Table 2. Recommendation performance of previous recommendation mechanisms and our method under different

\epsilon

constraints.

Methods	Movielens			Amazon			Alipay
Methods	HitRate $@$ 1	NDCG $@$ 5	AUC	HitRate $@$ 1	NDCG $@$ 5	AUC	HitRate $@$ 1	NDCG $@$ 5	AUC
CRec	32.22	50.13	92.46	16.27	27.36	77.04	17.85	34.96	72.39
ORec	36.98	55.31	93.70	17.31	28.94	77.95	17.88	35.02	72.80
CRRec	37.28	55.85	93.88	17.56	29.24	78.98	18.09	35.41	73.35
RMixRec	35.52	53.76	93.34	17.06	28.51	77.99	17.90	35.06	72.83
MCRec (w/o constraint)	37.84	56.20	93.90	17.70	29.48	79.05	18.26	35.77	73.86
MCRec ( $\epsilon=0.5$ )	37.87	56.19	93.88	17.68	29.48	79.03	18.14	35.62	73.45
MCRec ( $\epsilon=0.3$ )	37.62	55.88	93.80	17.61	29.38	78.79	17.98	35.33	73.32
MCRec ( $\epsilon=0.1$ )	37.16	55.45	93.67	17.50	29.21	78.38	17.91	35.17	73.03

4.1.3. Evaluation Protocols

The process of training Meta Controller consists of two phases as summarized in Algorithm 1, and thus the metrics we used in this paper will evaluate these two phases respectively. For the phase of the dataset construction, we mainly measure the causal effect, namely CATE of the synthetic dataset based on the counterfactual inference. While for the training phase, we mainly evaluate the click-through rate (CTR) performance of the recommenders including baselines and our method. For the dataset construction stage, we use the AUUC (Diemert et al., 2018) and QINI coefficients (Radcliffe, 2007) as the evaluation metrics, which are defined as follows,

\displaystyle\begin{split}&\text{AUUC}=\frac{1}{2N}\sum_{n=1}^{N}\left[p(n)\text{Diff}(n)-p(n-1)\text{Diff}(n-1)\right]\\ &\text{QINI}=\text{AUUC}-\text{AUUC}_{\text{random}},\end{split}

where $\text{Diff}(n)$ calculates the relative gain from the top-n control group to the top-n treatment group (sorted by prediction scores) (Diemert et al., 2018), $p(n)=n/N$ is the normalizing ratio, $\text{AUUC}_{\text{random}}$ is a random sort baseline to characterize the data randomness. Regarding the final recommendation performance, first, we give some notations that $\mathcal{U}$ is the user set, $\mathds{1}(\cdot)$ is the indicator function, $R_{u,g_{u}}$ is the rank generated by the model for the ground truth item $g_{u}$ and user $u$ , $f$ is the model to be evaluated and $D_{T}^{(u)}$ , $D_{F}^{(u)}$ is the positive and negative sample sets in testing data. Then, the widely used HitRate, AUC and NDCG respectively is used, which are defined by the following equations.
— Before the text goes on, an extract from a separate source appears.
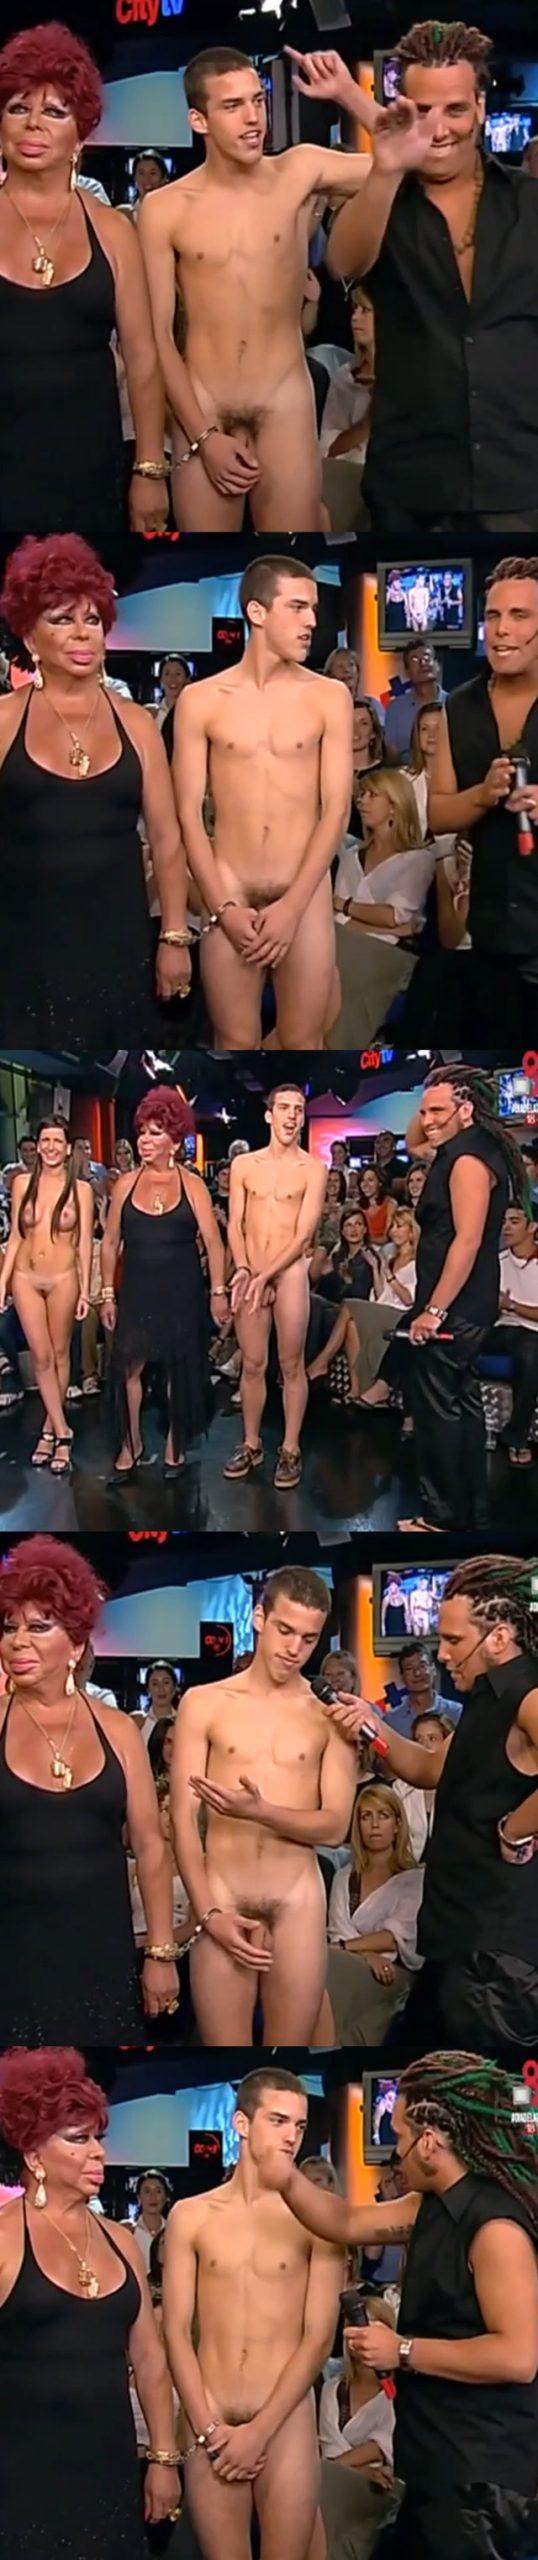 straight guy full frontal naked on tv show

\displaystyle\begin{split}&\text{HitRate}@K=\frac{1}{|\mathcal{U}|}\sum_{u\in\mathcal{U}}\mathds{1}(R_{u,g_{u}}\leq K),\\ &\text{NDCG}@K=\sum_{u\in\mathcal{U}}\frac{1}{|\mathcal{U}|}\frac{2^{\mathds{1}(R_{u,g_{u}}\leq K)}-1}{\log_{2}(\mathds{1}(R_{u,g_{u}}\leq K)+1)},\\ &\text{AUC}=\sum_{u\in\mathcal{U}}\frac{1}{|\mathcal{U}|}\frac{\sum_{x_{0}\in D_{T}^{(u)}}\sum_{x_{1}\in D_{F}^{(u)}}\mathbf{1}[f(x_{1})<f(x_{0})]}{|D_{T}^{(u)}||D_{F}^{(u)}|},\end{split}

4.2. Experimental Results and Analysis

Table 3. The AUUC scores and the QINI coefficients of different recommendation mechanisms. Note that, CRec performs as baseline in the control group relative to ORec and CRRec in the treatment groups, and thus is no effect marked by “-”.
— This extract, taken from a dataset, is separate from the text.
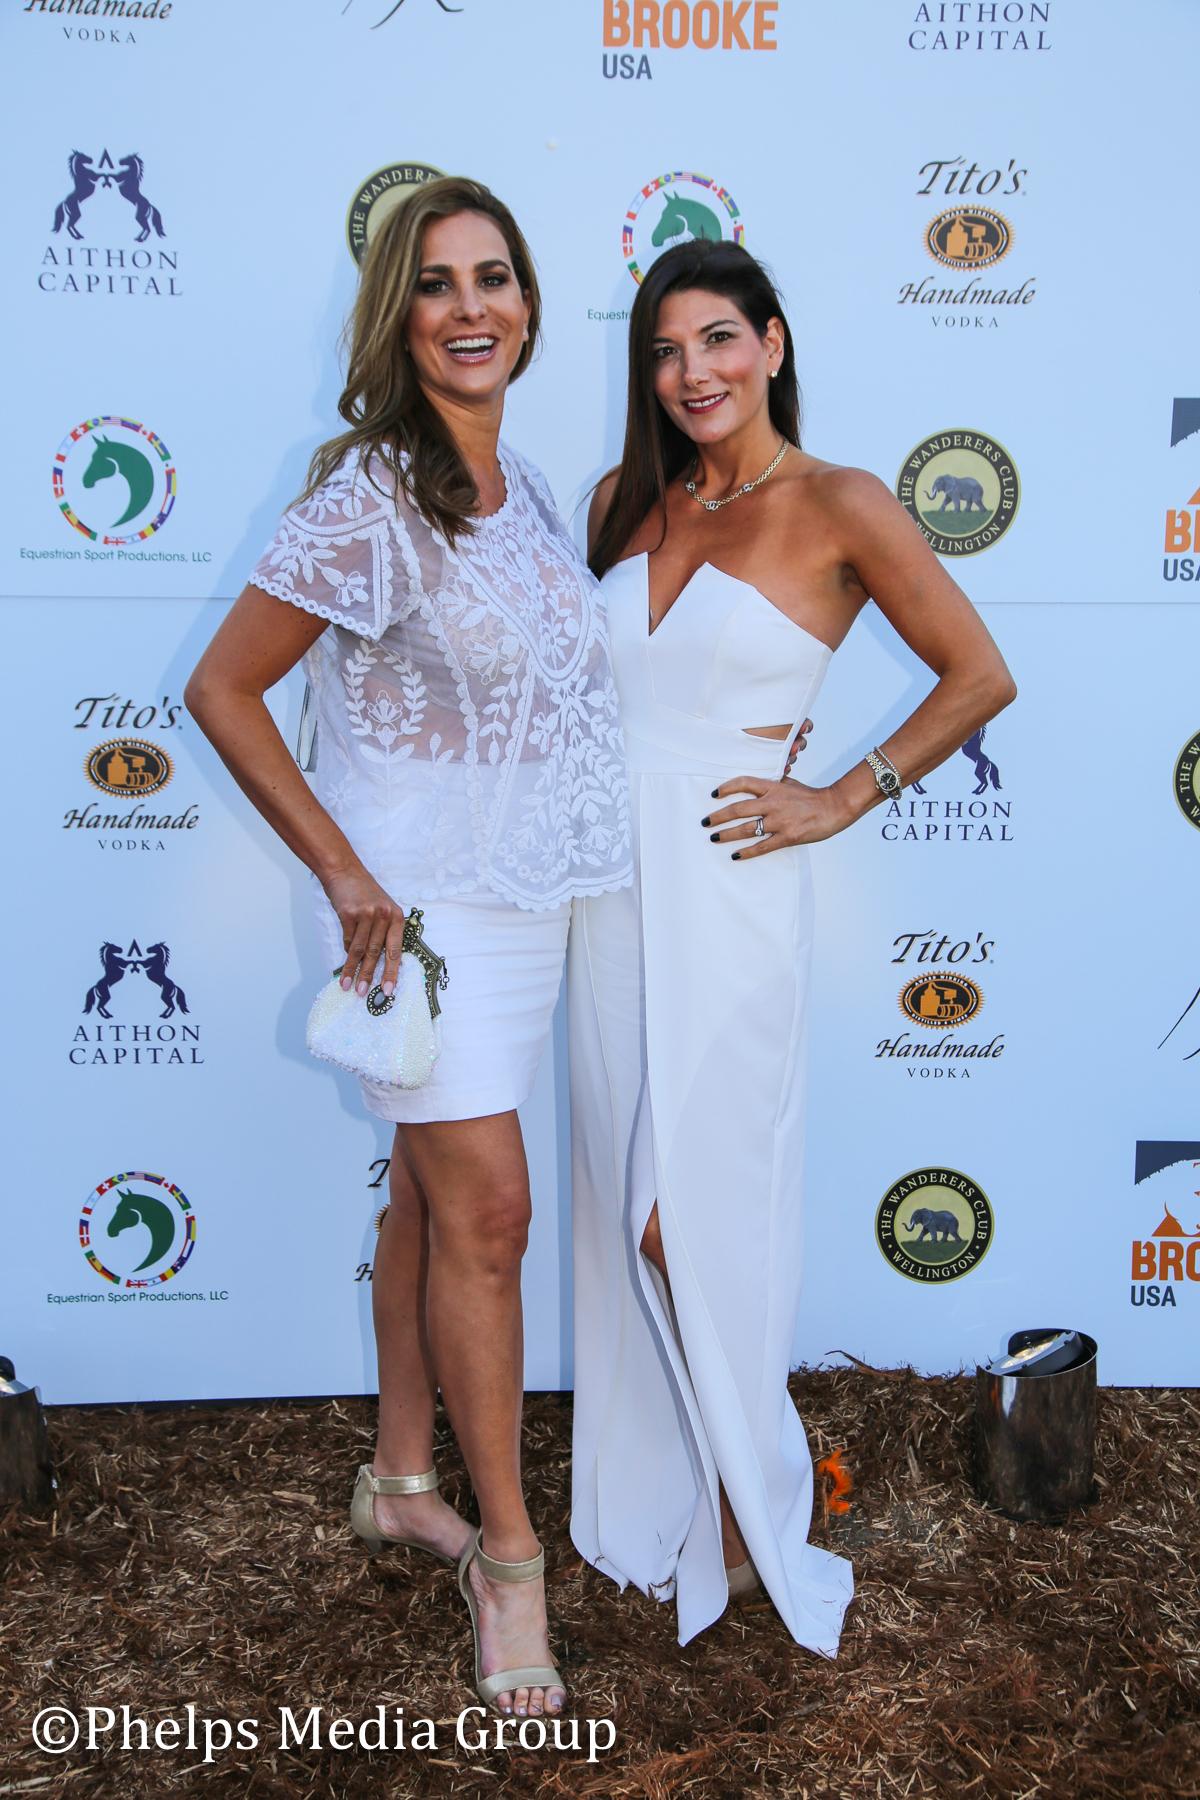 Deborah Lenchus and Dr LIsa Palmer; Nic Roldan's 2nd Annual Sunset Polo & White Party, FL, by Phelps Media.jpg

Dataset	Movielens		Amazon		Alipay
Dataset	AUUC	QINI	AUUC	QINI	AUUC	QINI
CRec	-		-		-
ORec	0.0337	0.0322	0.0025	0.0043	0.024	0.010
CRRec	0.0338	0.0322	0.0065	0.0111	0.037	0.033

4.2.1. RQ1

To show the promise of dataset construction via causal inference and the performance of the Meta-Controller-based recommendation, we conduct a range of experiments on Movielens, Amazon and Alipay. Specifically, we shows the uplift between different recommendation mechanisms in Figure 3 and summarize the AUUC performance and their corresponding QINI scores compared to the plain session recommendation in Table 3. The CTR performance of all recommendation mechanisms measured by AUC, HitRate and NDCG is summarized in Table 2.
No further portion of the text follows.